Apparent significant performance degradation in v1.5.9 vs v1.5.8

josephschorr commented 1 year ago

SpiceDB (https://github.com/authzed/spicedb) makes use of the emulator for our Spanner datastore tests. We attempted to move to emulator v1.5.9 to enable testing of our use of changefeeds, but ran into immediate CI timeouts after ~10m.

After some investigation, it appears that v1.5.9 of the emulator is quite a bit slower than v1.5.8 for transactions containing somewhat large (~100s) of row insertions; I suspect this is due to the recent code necessary for book keeping for emulation of change feeds.

For reference, a test against v1.5.8 that executes a transaction with 256 rows inserted:

PASS | SpannerDatastore/TestSimple/256 (4.98s)

vs against v1.5.9:

PASS | SpannerDatastore/TestSimple/256 (35.51s)

I've found that the source of the slowdown is the first insertion transaction, which takes ~30s on average to add the 256 rows.

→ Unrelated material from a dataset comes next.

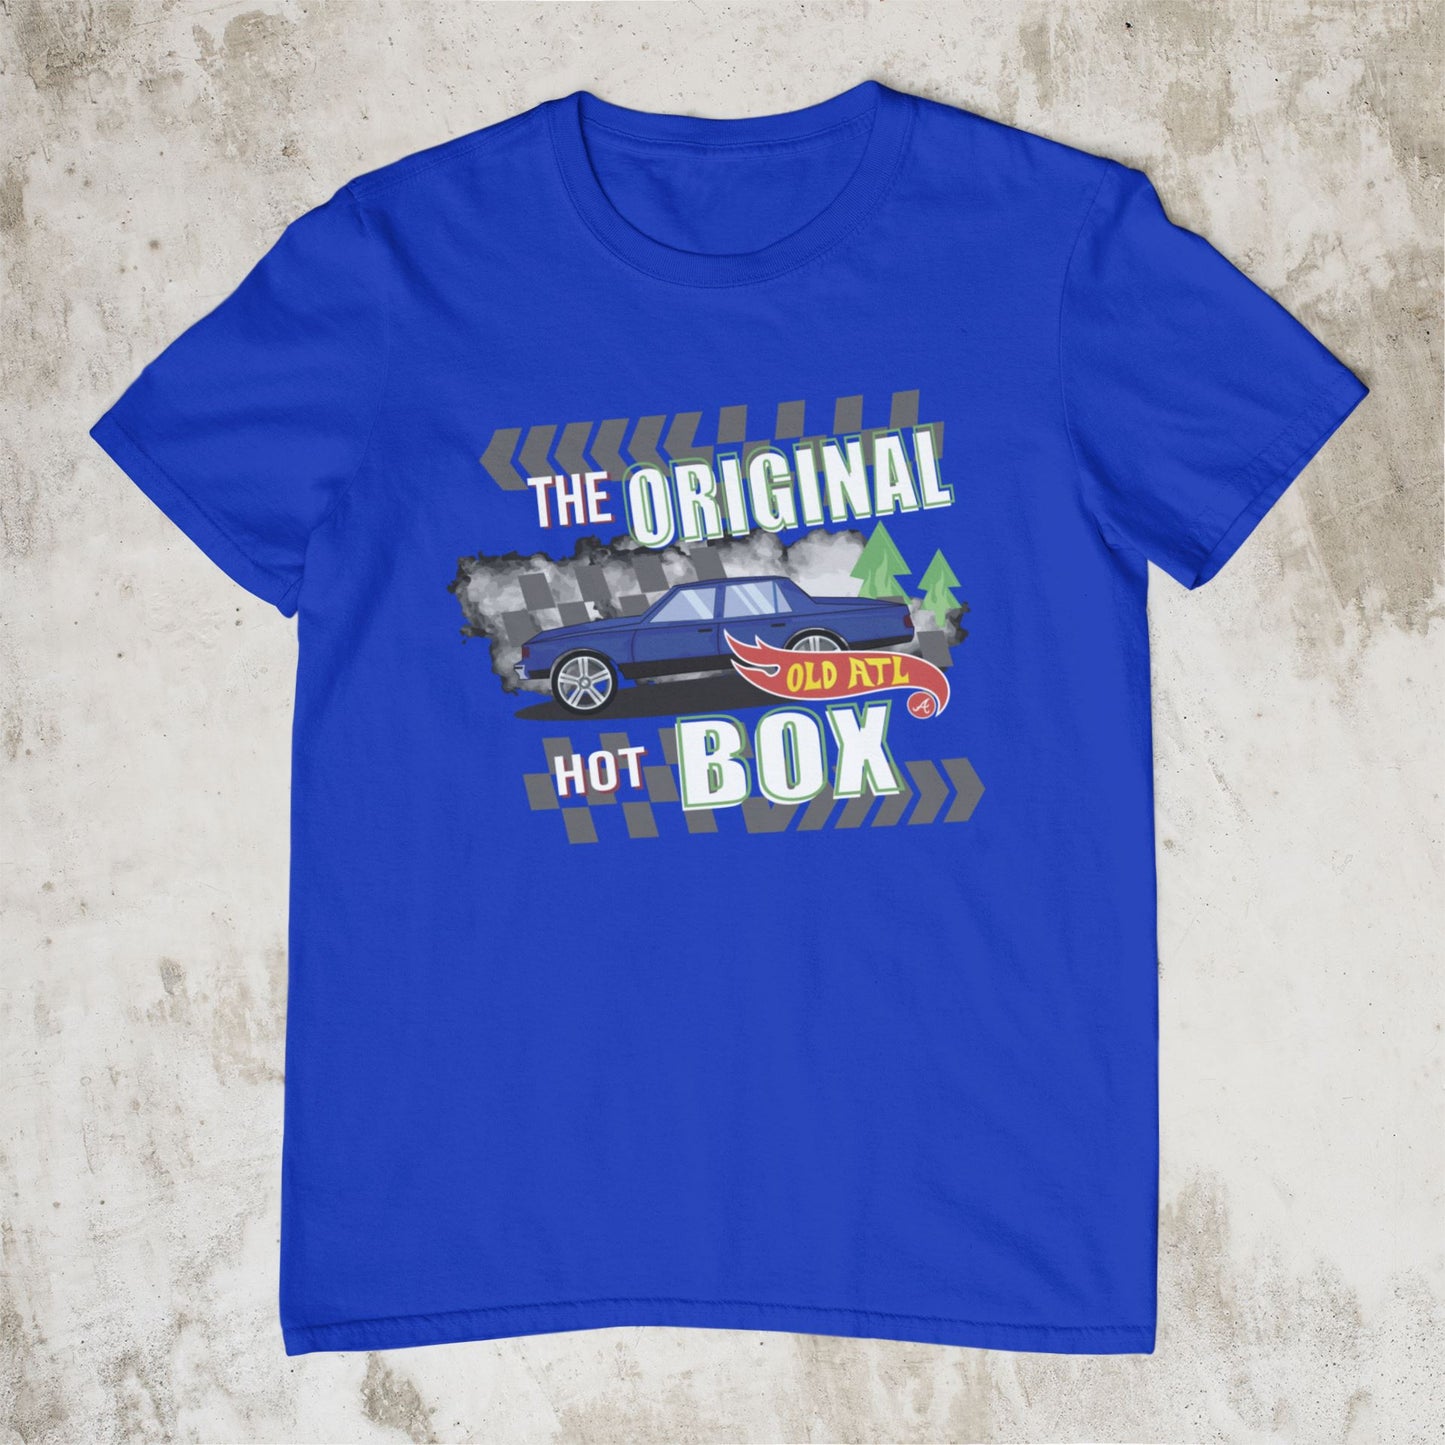 Old ATL - Original Hot Box T-Shirt B1ack By Design LLC 
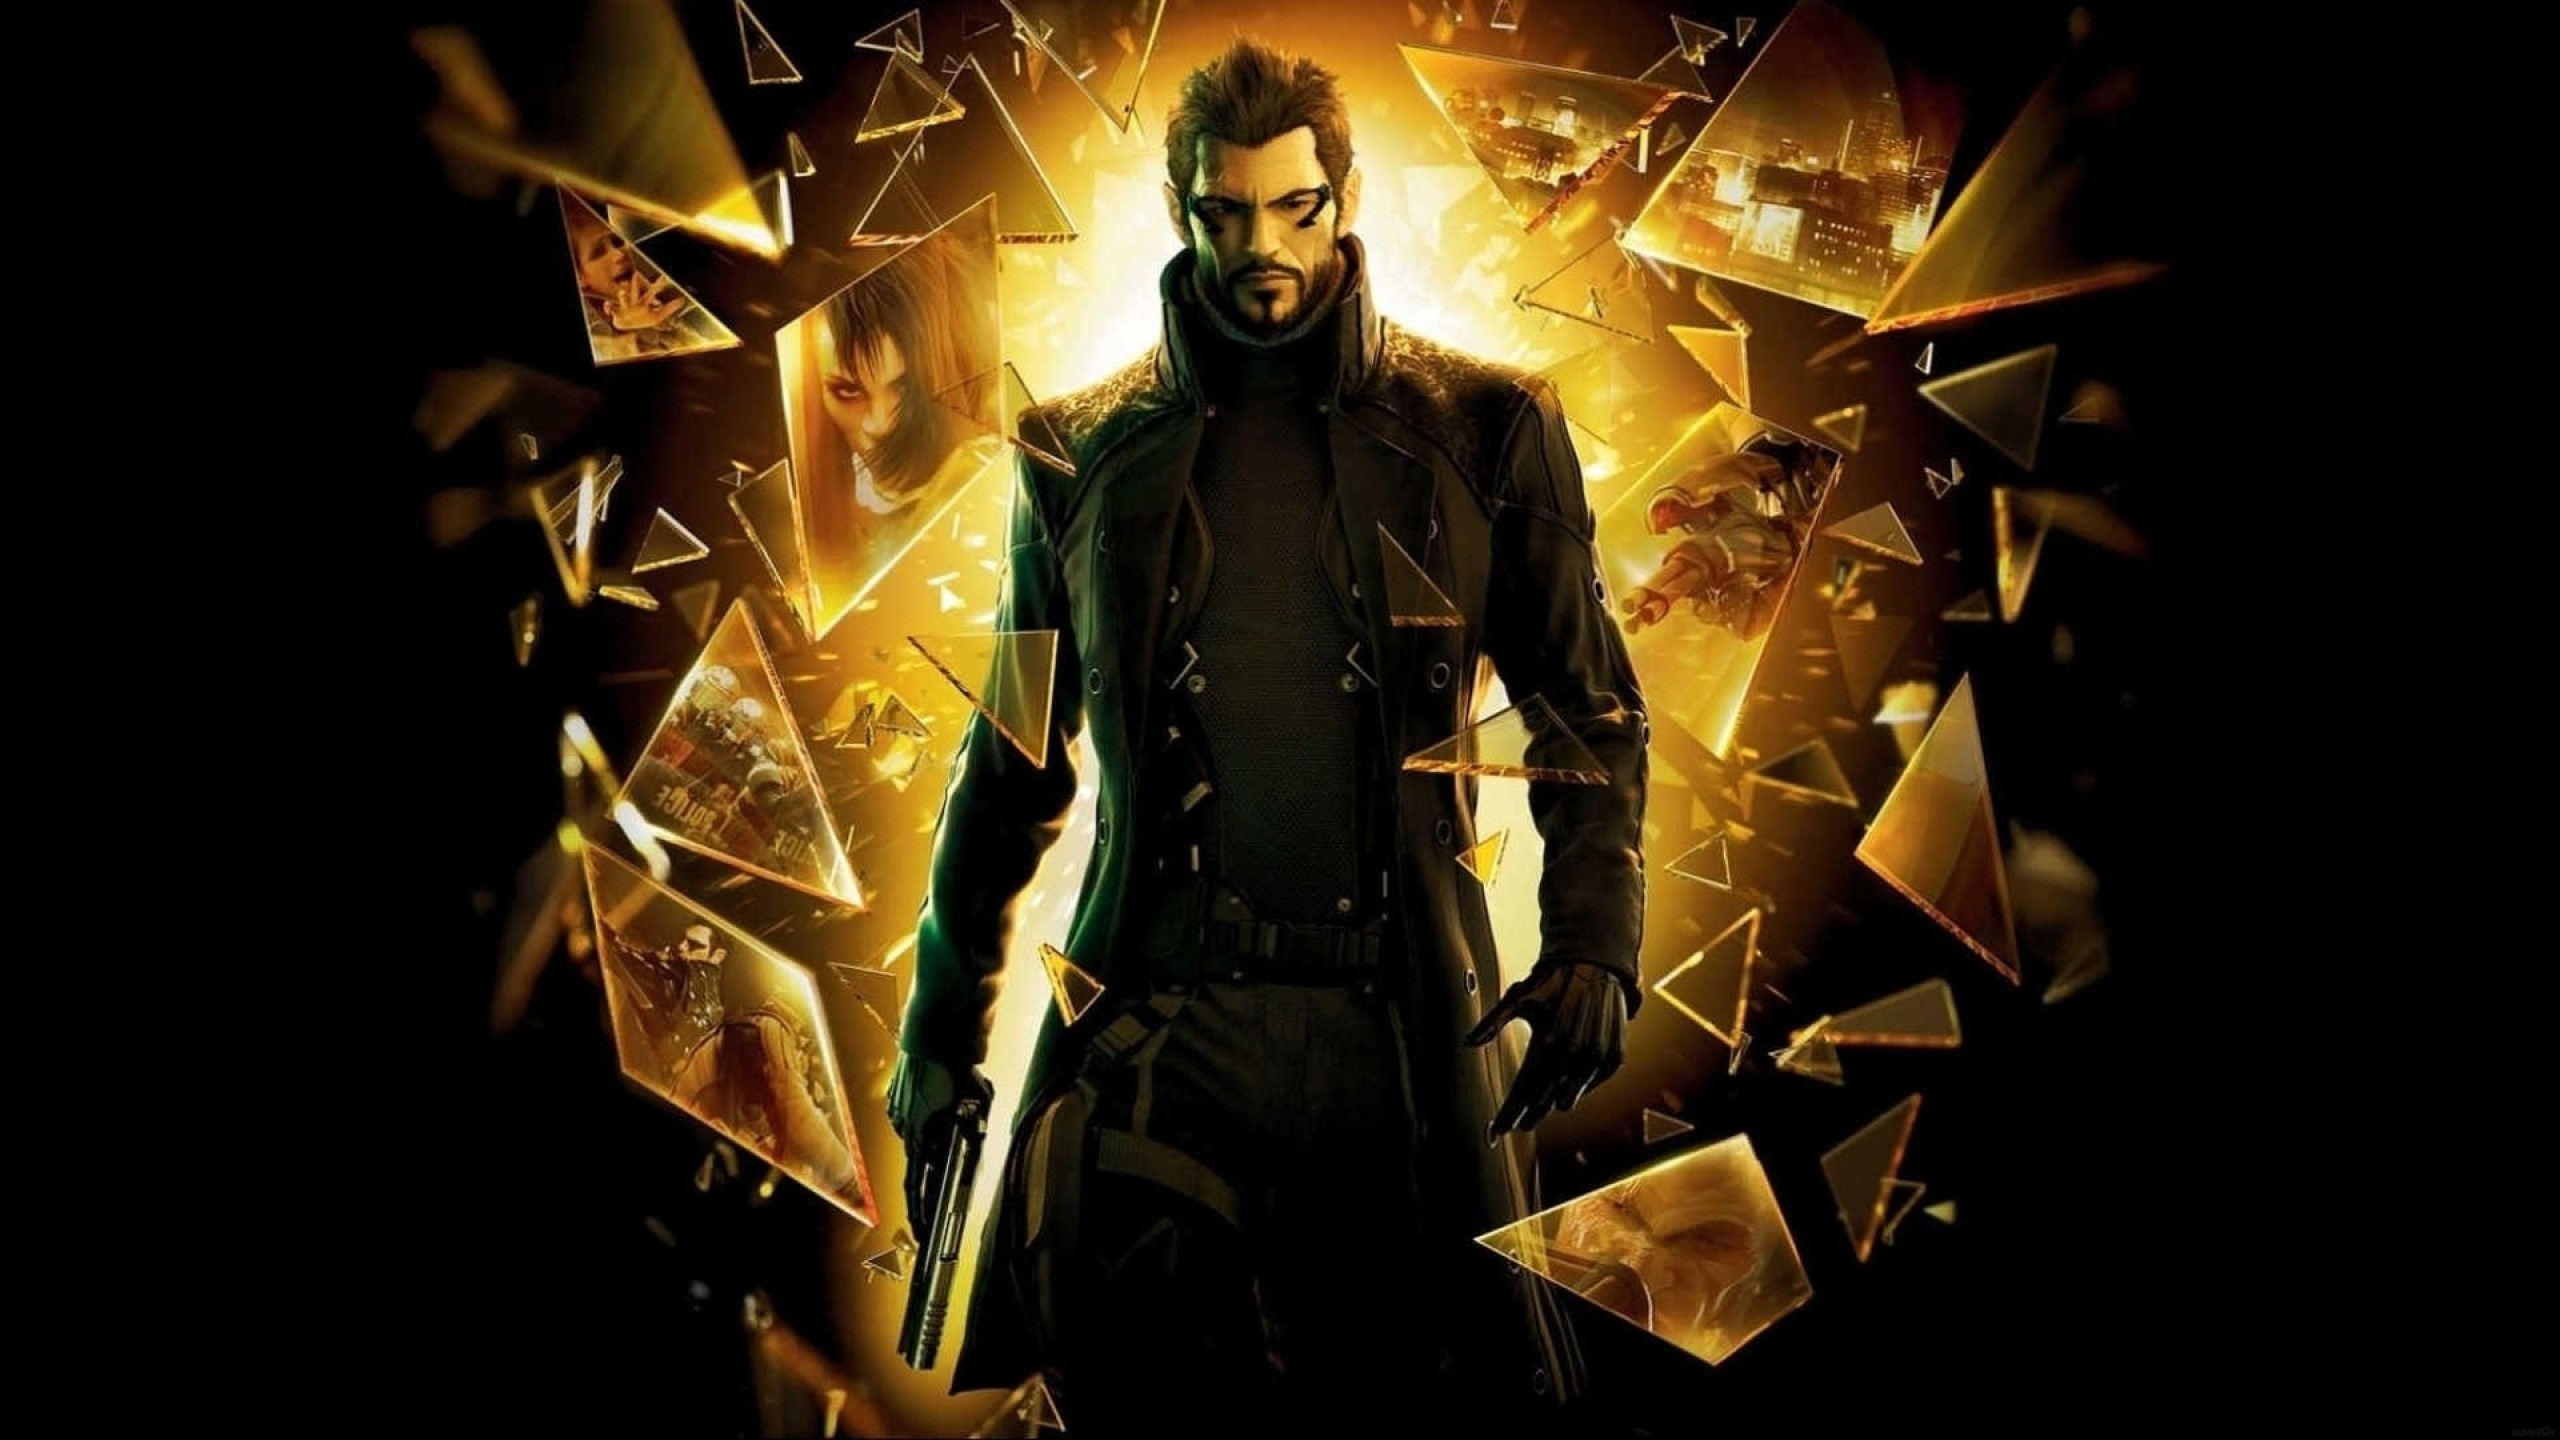 Adorable Deus Ex Human Revolution Image & Wallpaper Ex Render

This is not blocking as we have moved back to v1.5.8 and can always increase the CI timeout, but we figured we'd mention it in case it becomes an issue for others

For reference, our Spanner-calling code can be found at https://github.com/authzed/spicedb/tree/main/internal/datastore/spanner

ChangyuLi28 commented 1 year ago

Hi Joseph, thanks for reporting the issue! We were wondering if there was any change stream in the schema when you observed the slowdown?

josephschorr commented 1 year ago

Yes, on the initial runs. I disabled it on following runs to see if it impacted the performance, and didn't see a major change, but I didn't test thoroughly. If you like, I can try that

ChangyuLi28 commented 1 year ago

Thank you for the timely reply. By "disabling" the change stream in the following runs, could you specify if you created and then dropped the change stream from the schema or you didn't create a change stream? And there was still no significant performance gain after that?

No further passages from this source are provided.